How sad to see my local MP Andrew Murrison, setting himself up as a latter-day witchfinder general as part of the Conservative Party’s phoney war on woke. Mr Murrison has launched a parliamentary group on the National Trust in response to “the intense interest its recent activities have provoked throughout the country”. This intense interest seems to be mainly confined to the pages of newspapers whose readers pine for the days when the sun never set on the British Empire. Mr Murrison is deeply affronted by the Trust’s acknowledgment that many of its great houses were built from the proceeds of slavery (not to mention child labour and mass exploitation of British working people). At the heart of his campaign is his repeated claim that the Trust has besmirched the name of Winston Churchill. I’ve searched in vain for the evidence to support this assertion. There is none. It is a smear invented to grab headlines and rally public support. For Mr Murrison and his pals the Tory version of history must be defended at all costs - regardless of the truth.

Simon Moon Mere

“Call a thing immoral or ugly, soul-destroying or a degradation of man, a peril to the peace of the world or to the well-being of future generations; as long as you have not shown it to be ‘uneconomic’ you have not really questioned its right to exist, grow, and prosper.” These are the words of Dr EF Schumacher, for many years Chief Economic Advisor to the National Coal Board, in 1973 book Small is Beautiful: a Study of Economics as If People Mattered. Schumacher was an economist of a very different cast to those for whom the bottom line in the accounts is all that matters. As the quotation shows, he saw the importance of criteria other than the simple question: “Does it make a profit?” And despite the initial cost of the expansion of Bristol Airport and the massive investment in HS2, what has swayed the argument is the advice of tunnel-visioned economists that there will be profits in the long run - however long that might be. And along with this outdated accounting system is the mythical belief that the further and faster we travel, the better off we will be. Unfortunately, economists and economically-educated politicians have continued to operate their levers and push their buttons in the belief that there are no limits and that their formulae will deal with any future resource shortages by correspondingly increased prices which in turn will fund the increasingly expensive costs of extracting raw materials from the earth’s crust. I get the distinct impression that it’s not working...

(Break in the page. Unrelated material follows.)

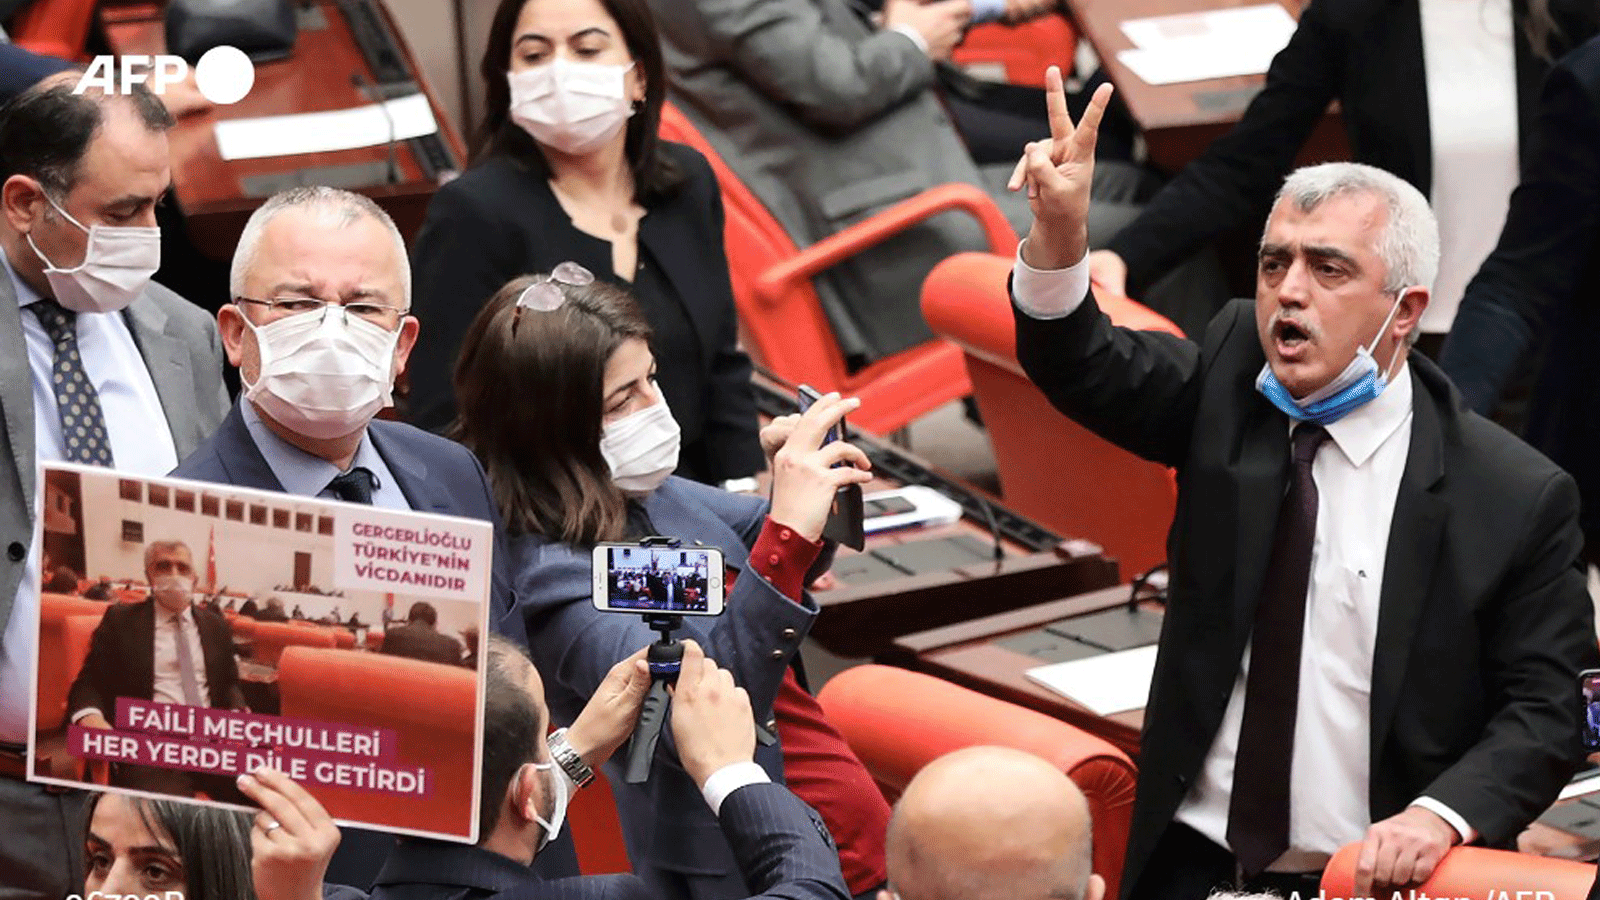 عمر فاروق جرغيرلي أوغلو، عضو البرلمان التركي عن حزب الشعوب الديمقراطي، وهو محاط بمشرعين يصفقون ويلوحون باللافتات بعد إقالته من خلال التصويت في البرلمان التركي في أنقرة، بتاريخ 17 آذار/مارس 2021
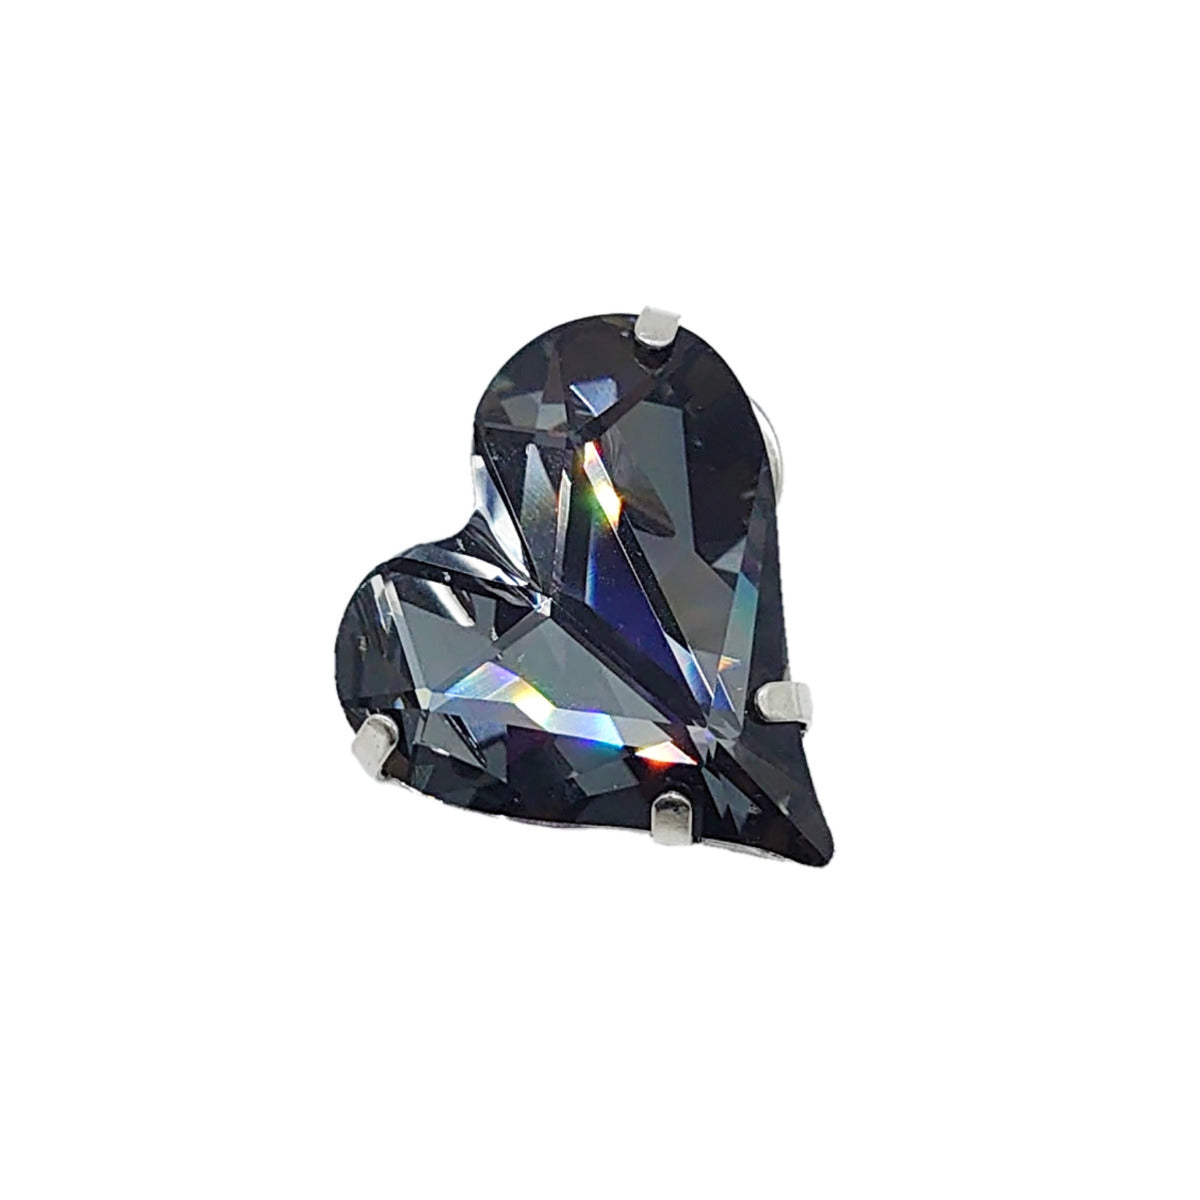 Swarovski Crystals Heart Brooch - TCG London

Colin Marsh, Revd Gillingham

Regarding story about Rev William Mortimer. [For Whom the bell tolls, NBV, December 10.] My father Mr Patrick Cox is 82 and lives in Blandford. He was shocked and surprised to see your story about Rev Mortimer. At the time of the accident he was 17 years old and working at Okeford Dairy. He clearly remembers the day and was personally involved. He remembers hearing the church-bell ring once while he was working. Shortly after this two of the school children came to the dairy and said there had been an accident. My father and a co-worker went to the belfry not knowing fully what to expect. They found Rev Mortimer lying on the floor and had to carry him down from the belfry and into the main church. He remembers the day as if it was yesterday and is still affected by it.